*Source material:*

################

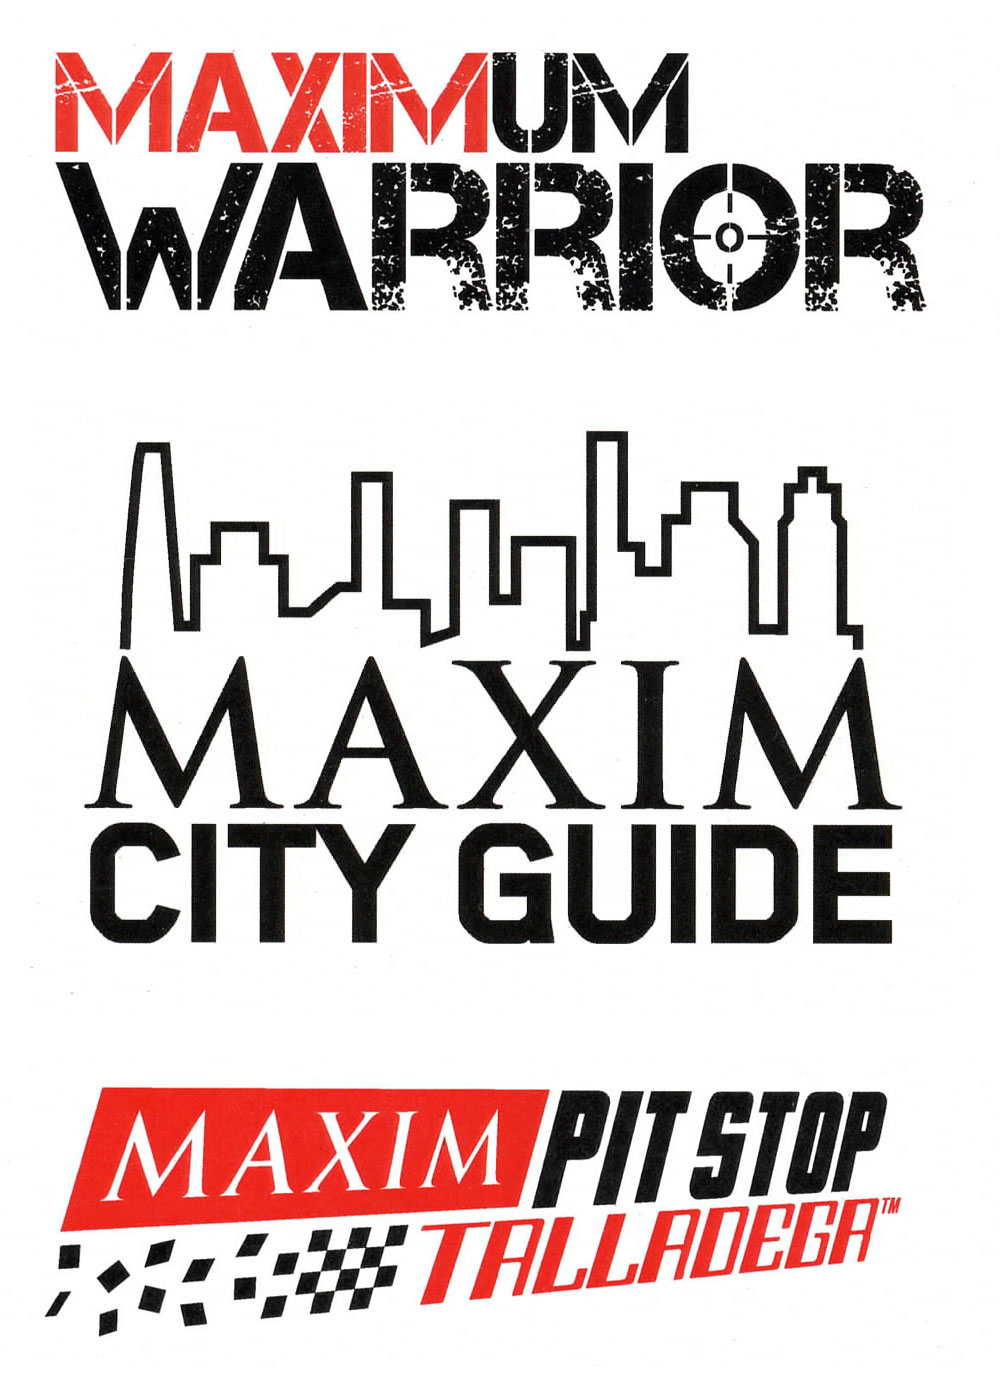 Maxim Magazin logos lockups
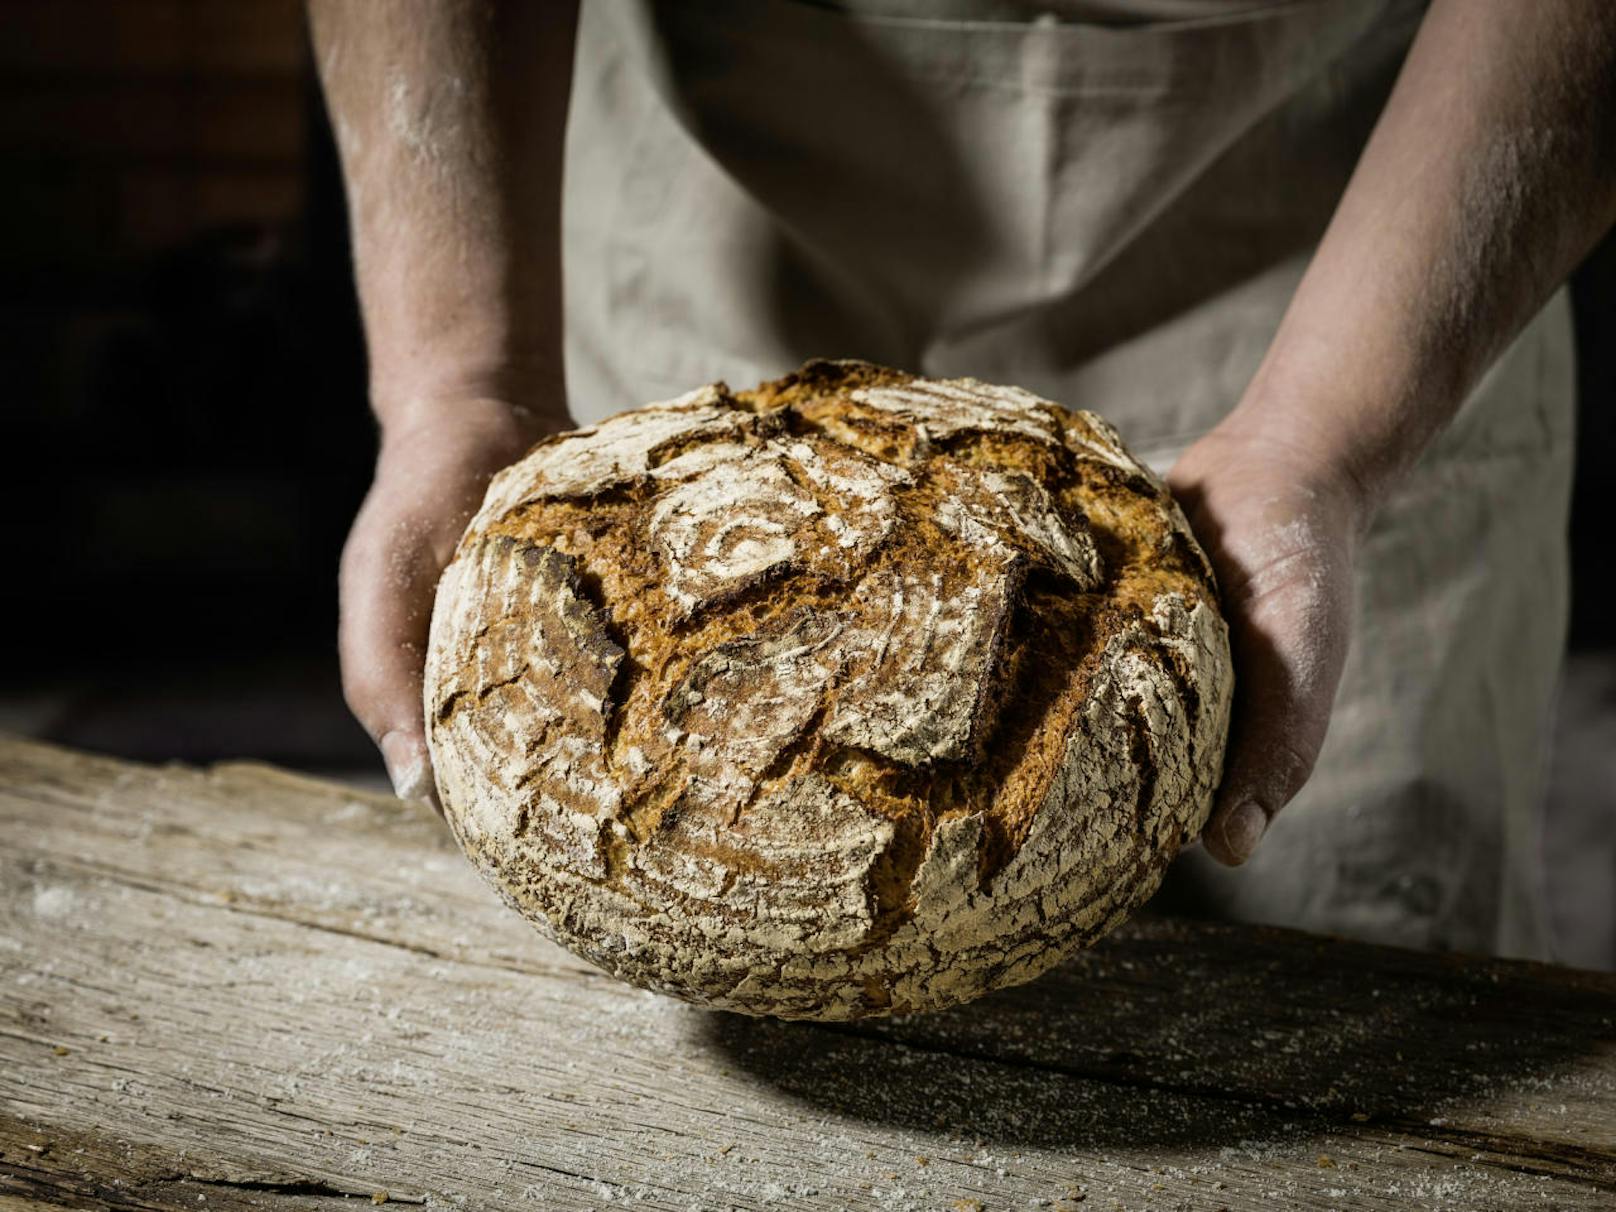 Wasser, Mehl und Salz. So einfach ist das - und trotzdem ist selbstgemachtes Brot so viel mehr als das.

################

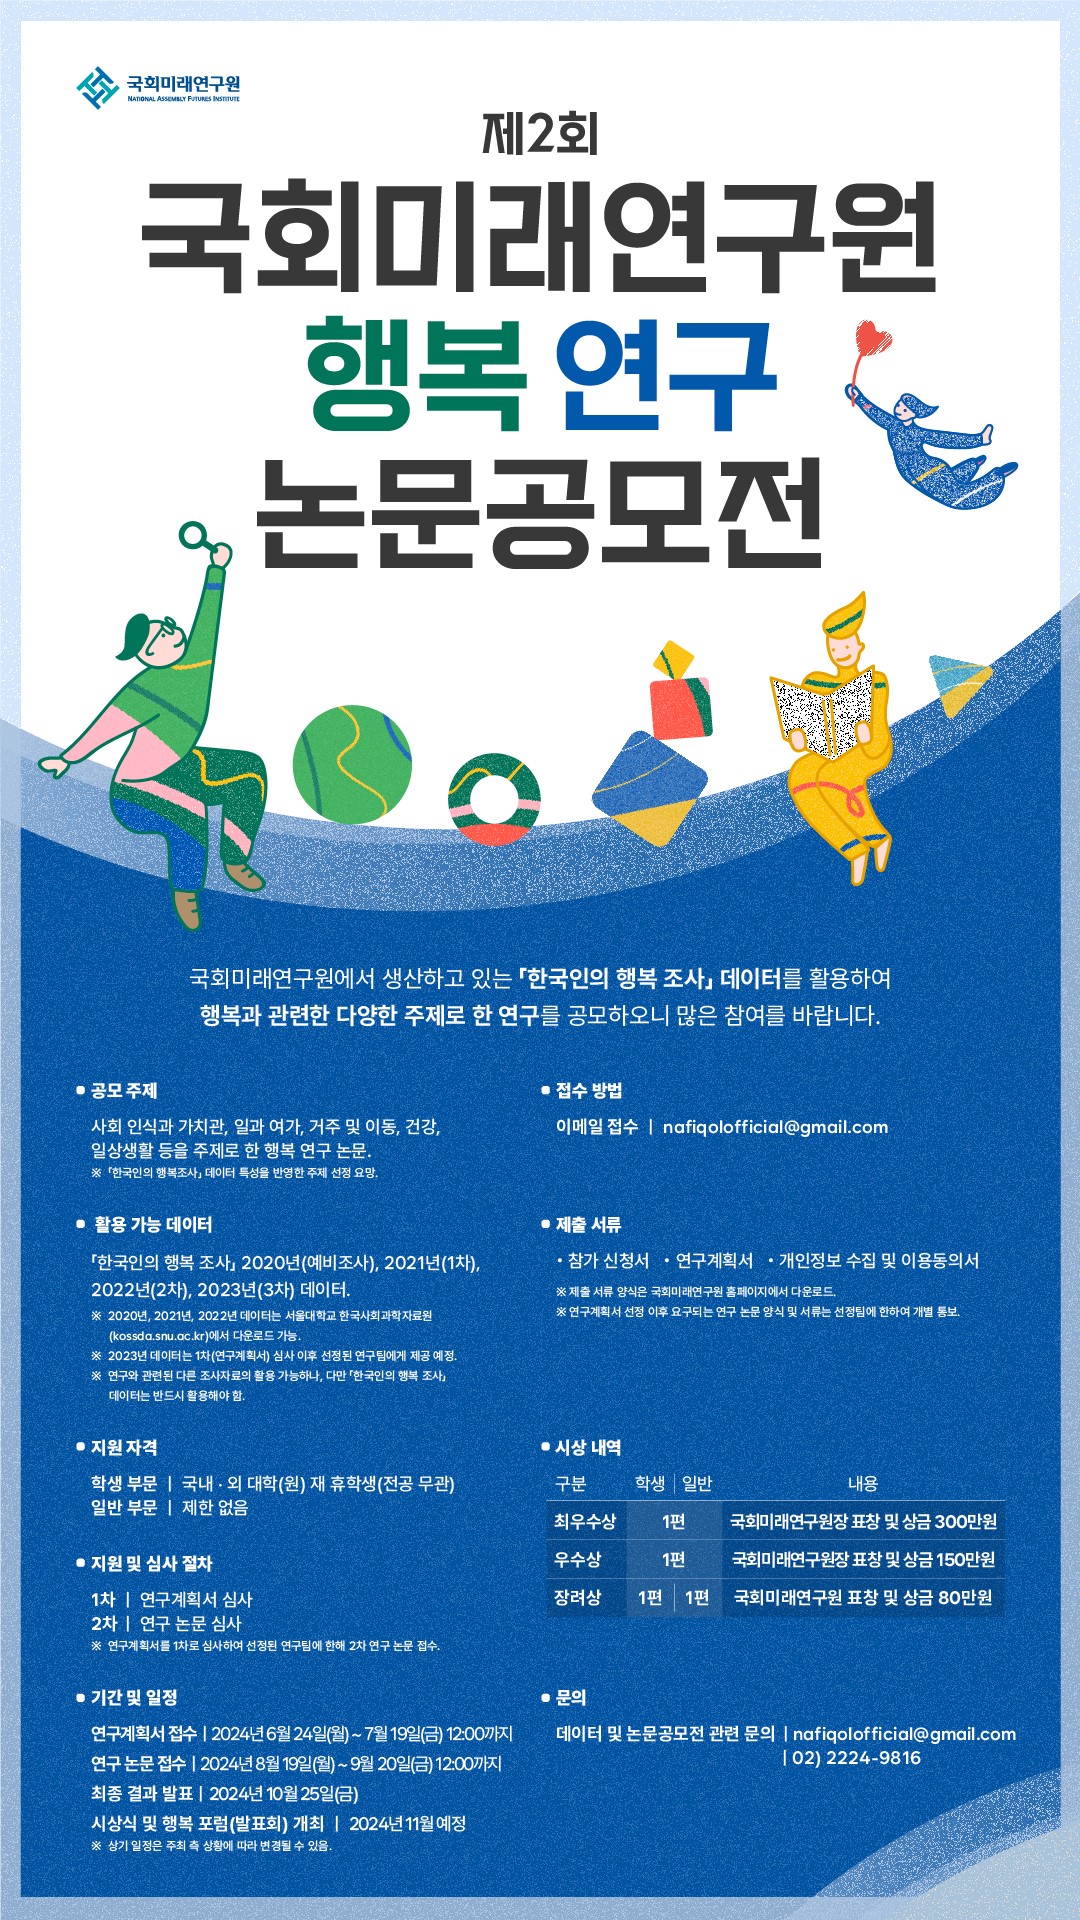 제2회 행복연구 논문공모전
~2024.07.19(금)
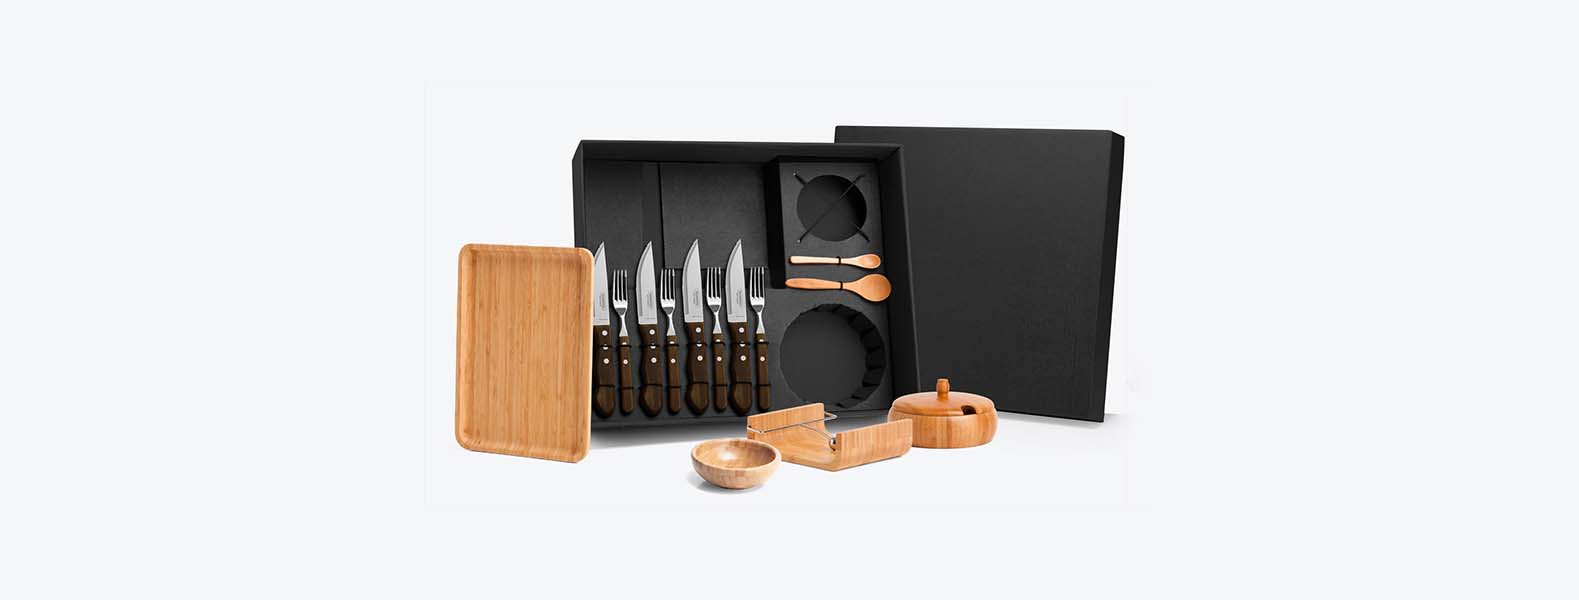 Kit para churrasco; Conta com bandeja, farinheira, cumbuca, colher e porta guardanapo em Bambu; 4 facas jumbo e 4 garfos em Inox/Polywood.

################

Could you transcribe exactly the entries above, but only the lines from the one with "Maxim Magazin logos lockups" through the one with "Wasser, Mehl und", and without pictures?

 Maxim Magazin logos lockups
 Wasser, Mehl und Salz. So einfach ist das - und trotzdem ist selbstgemachtes Brot so viel mehr als das.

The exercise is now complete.